# Records drawn from a dataset

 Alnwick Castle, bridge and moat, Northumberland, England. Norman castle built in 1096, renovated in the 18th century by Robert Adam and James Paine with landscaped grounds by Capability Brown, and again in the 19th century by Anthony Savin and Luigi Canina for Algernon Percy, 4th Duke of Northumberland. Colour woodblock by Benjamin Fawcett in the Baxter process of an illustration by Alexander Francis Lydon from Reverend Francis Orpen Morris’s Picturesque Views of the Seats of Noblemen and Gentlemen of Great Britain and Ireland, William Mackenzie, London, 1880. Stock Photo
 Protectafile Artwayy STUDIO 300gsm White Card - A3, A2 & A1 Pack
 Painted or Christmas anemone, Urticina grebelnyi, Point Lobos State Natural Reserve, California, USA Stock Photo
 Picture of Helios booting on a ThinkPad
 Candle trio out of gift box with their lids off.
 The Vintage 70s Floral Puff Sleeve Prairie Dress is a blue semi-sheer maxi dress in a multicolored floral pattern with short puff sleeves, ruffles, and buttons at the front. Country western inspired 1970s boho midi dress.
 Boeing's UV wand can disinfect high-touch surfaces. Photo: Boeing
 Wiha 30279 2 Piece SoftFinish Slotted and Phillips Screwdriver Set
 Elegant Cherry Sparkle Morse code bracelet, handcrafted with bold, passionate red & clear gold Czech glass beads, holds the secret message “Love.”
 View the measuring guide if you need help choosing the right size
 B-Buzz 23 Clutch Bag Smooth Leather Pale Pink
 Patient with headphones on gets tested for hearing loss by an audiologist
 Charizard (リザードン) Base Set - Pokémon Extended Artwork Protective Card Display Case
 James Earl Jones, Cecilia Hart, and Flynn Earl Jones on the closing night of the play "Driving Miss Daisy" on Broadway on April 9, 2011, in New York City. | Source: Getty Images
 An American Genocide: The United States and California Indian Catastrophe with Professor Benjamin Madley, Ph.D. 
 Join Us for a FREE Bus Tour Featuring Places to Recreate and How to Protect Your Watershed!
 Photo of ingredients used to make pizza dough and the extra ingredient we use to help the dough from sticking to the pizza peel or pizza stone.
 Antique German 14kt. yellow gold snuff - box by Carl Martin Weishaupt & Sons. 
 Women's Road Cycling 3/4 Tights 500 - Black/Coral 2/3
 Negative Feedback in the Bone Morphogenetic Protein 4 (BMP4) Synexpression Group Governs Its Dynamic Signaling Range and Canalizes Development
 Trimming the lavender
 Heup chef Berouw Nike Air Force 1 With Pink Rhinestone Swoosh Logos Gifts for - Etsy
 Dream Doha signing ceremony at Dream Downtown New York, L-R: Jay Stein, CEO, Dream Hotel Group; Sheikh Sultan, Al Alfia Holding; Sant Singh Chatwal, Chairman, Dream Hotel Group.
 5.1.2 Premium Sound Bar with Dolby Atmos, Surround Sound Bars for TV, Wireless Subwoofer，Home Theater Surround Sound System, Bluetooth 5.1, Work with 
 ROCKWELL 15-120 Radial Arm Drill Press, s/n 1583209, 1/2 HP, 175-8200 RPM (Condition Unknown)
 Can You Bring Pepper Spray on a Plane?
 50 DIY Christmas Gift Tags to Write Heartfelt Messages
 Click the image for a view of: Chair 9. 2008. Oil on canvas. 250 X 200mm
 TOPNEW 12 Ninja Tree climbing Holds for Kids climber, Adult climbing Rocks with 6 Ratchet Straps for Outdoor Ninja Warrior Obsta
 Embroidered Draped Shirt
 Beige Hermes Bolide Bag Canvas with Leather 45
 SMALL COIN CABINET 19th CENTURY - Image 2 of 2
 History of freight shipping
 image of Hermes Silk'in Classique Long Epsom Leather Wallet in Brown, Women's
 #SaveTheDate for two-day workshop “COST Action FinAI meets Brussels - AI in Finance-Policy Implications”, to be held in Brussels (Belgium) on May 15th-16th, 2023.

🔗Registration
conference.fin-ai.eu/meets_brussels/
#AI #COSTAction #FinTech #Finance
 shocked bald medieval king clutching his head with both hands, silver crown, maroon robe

# INSTRUCTIONS TO FOLLOW
Return each line from the records that includes the word "help".

# WRITTEN SOLUTION
 View the measuring guide if you need help choosing the right size
 Photo of ingredients used to make pizza dough and the extra ingredient we use to help the dough from sticking to the pizza peel or pizza stone.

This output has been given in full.